Counting permutations and subsets

Question

$P(5,7)$

My answer: $(7! / (7-5)!)\cdot (7! / 2!) = 2520$.

However some people told me I was wrong and the answer should be $0$.

Answer 1

No, you've confused it with $P(7,5)=\dfrac{7!}{2!}$.

Where as $P(5,7)=\dfrac{5!}{(-2)!}=0$

Answer 2

Your friends are correct. It is not possible to select $7$ elements from a set with only five elements. Therefore, $P(5, 7) = 0$.

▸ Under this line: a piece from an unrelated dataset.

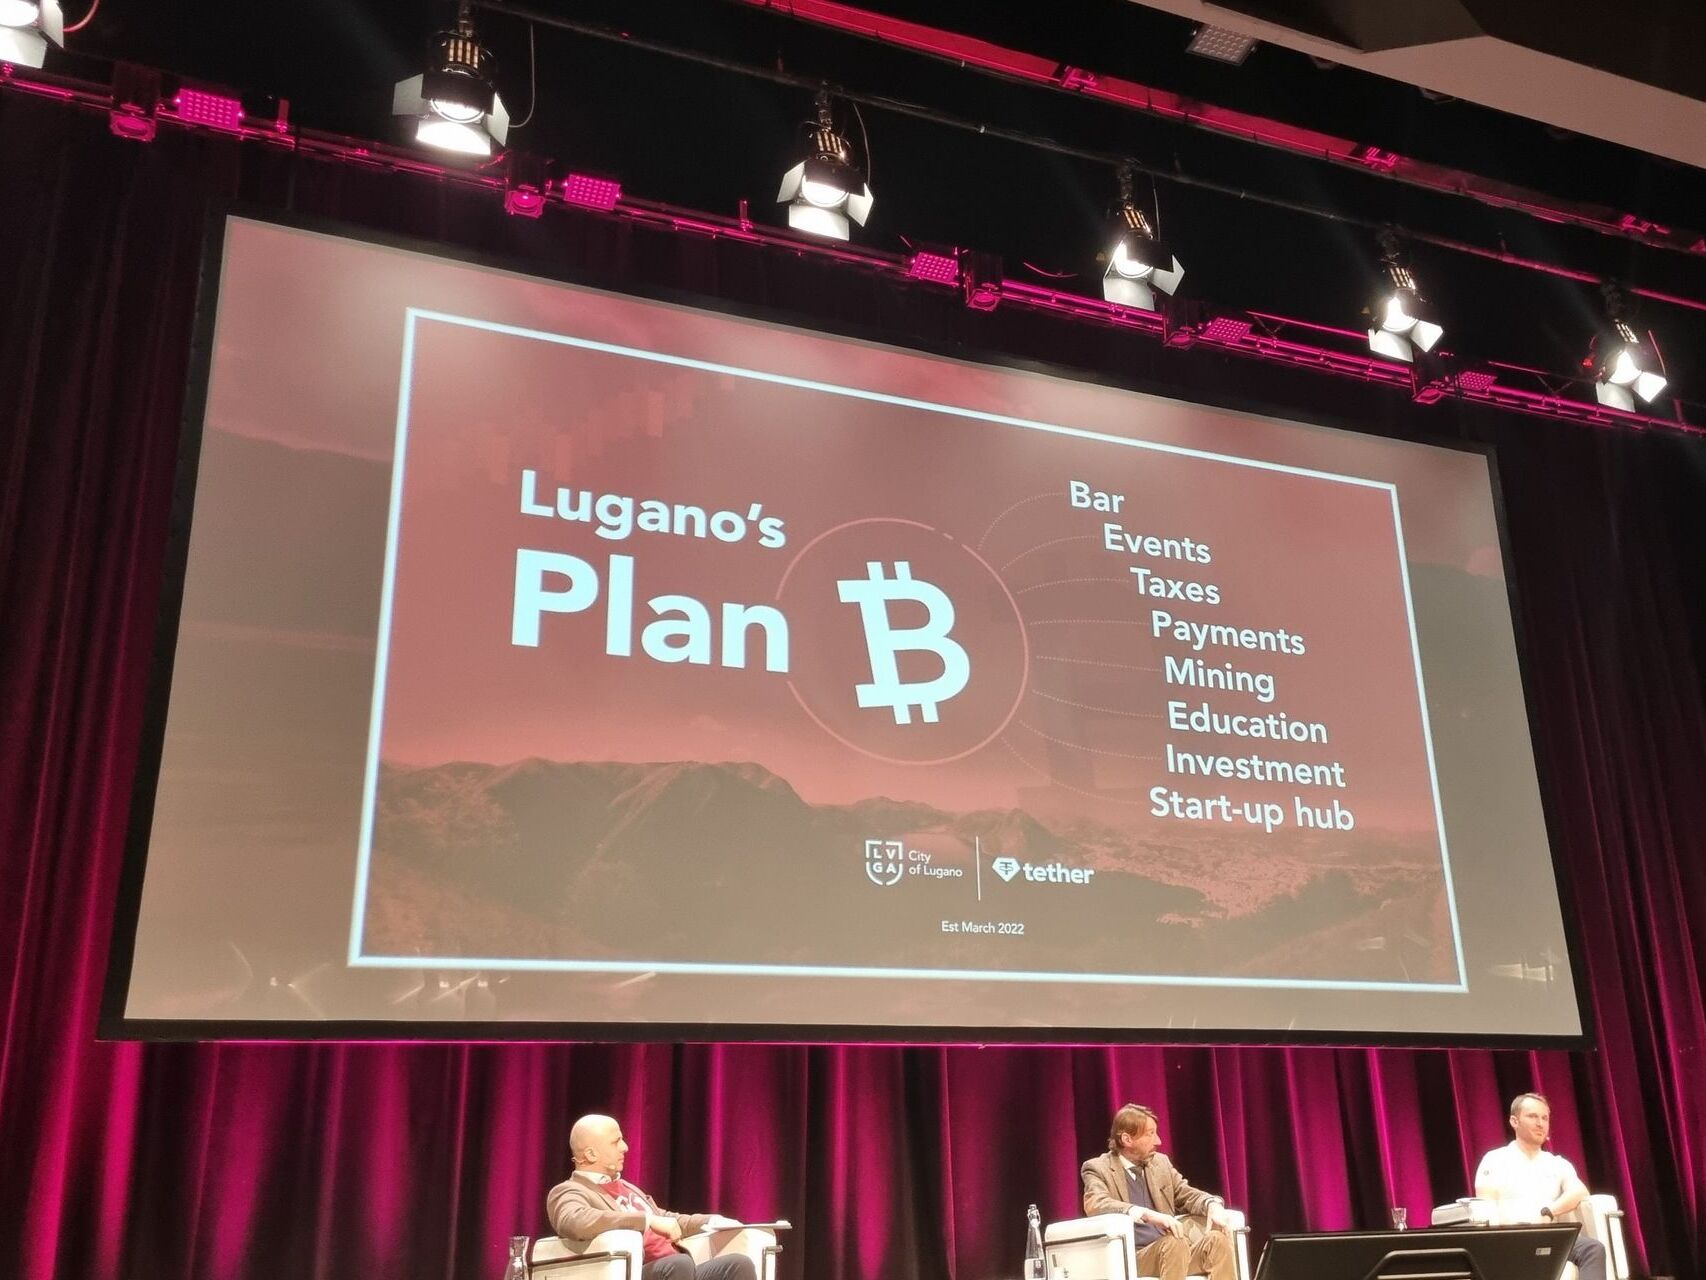 ການນໍາສະເຫນີ, ໃນວັນທີ 3 ມີນາ 2022 ທີ່ສູນປະຊຸມ, ຂອງການຮ່ວມມືລະຫວ່າງເມືອງ Lugano ແລະ Tether Operations Limited: "Plan B" ມີຈຸດປະສົງເພື່ອສ້າງສູນກາງເອີຣົບທີ່ດີເລີດສໍາລັບການຮັບຮອງເອົາ cryptocurrencies ແລະເທກໂນໂລຍີ Blockchain.

We could also apply the Multiplication Principle. Since the set contains five elements, there are five ways to make the first selection. Since selections are made without replacement, there are four ways to select the second element, three ways to select the third element, two ways to select the fourth element, one way to select the fifth element, zero ways to select the nonexistent sixth element, and zero ways to select the nonexistent seventh element. Hence, $$P(5, 7) = 5 \cdot 4 \cdot 3 \cdot 2 \cdot 1 \cdot 0 \cdot 0 = 0$$

Let $n, k$ be nonnegative integers. The number of ordered selections of $k$ elements from a set with $n$ elements is $$P(n, k) = n(n - 1)(n - 2) \cdots [n - (k - 1)] = n(n - 1)(n - 2) \cdots (n - k + 1)$$ Notice that if $k > n$, then one of the terms in this product is $n - n = 0$. Otherwise, we can multiply and divide by $(n - k)!$ to obtain \begin{align*} P(n, k) & = n(n - 1)(n - 2) \cdots (n - k + 1)\\ & = n(n - 1)(n - 2) \cdots (n - k + 1) \cdot \frac{(n - k)!}{(n - k)!}\\ & = \frac{n!}{(n - k)!} \end{align*} which yields the formula
$$P(n, k) = \begin{cases} \dfrac{n!}{(n - k)!} & \text{if $k \leq n$}\\ 0 & \text{if $k > n$} \end{cases} $$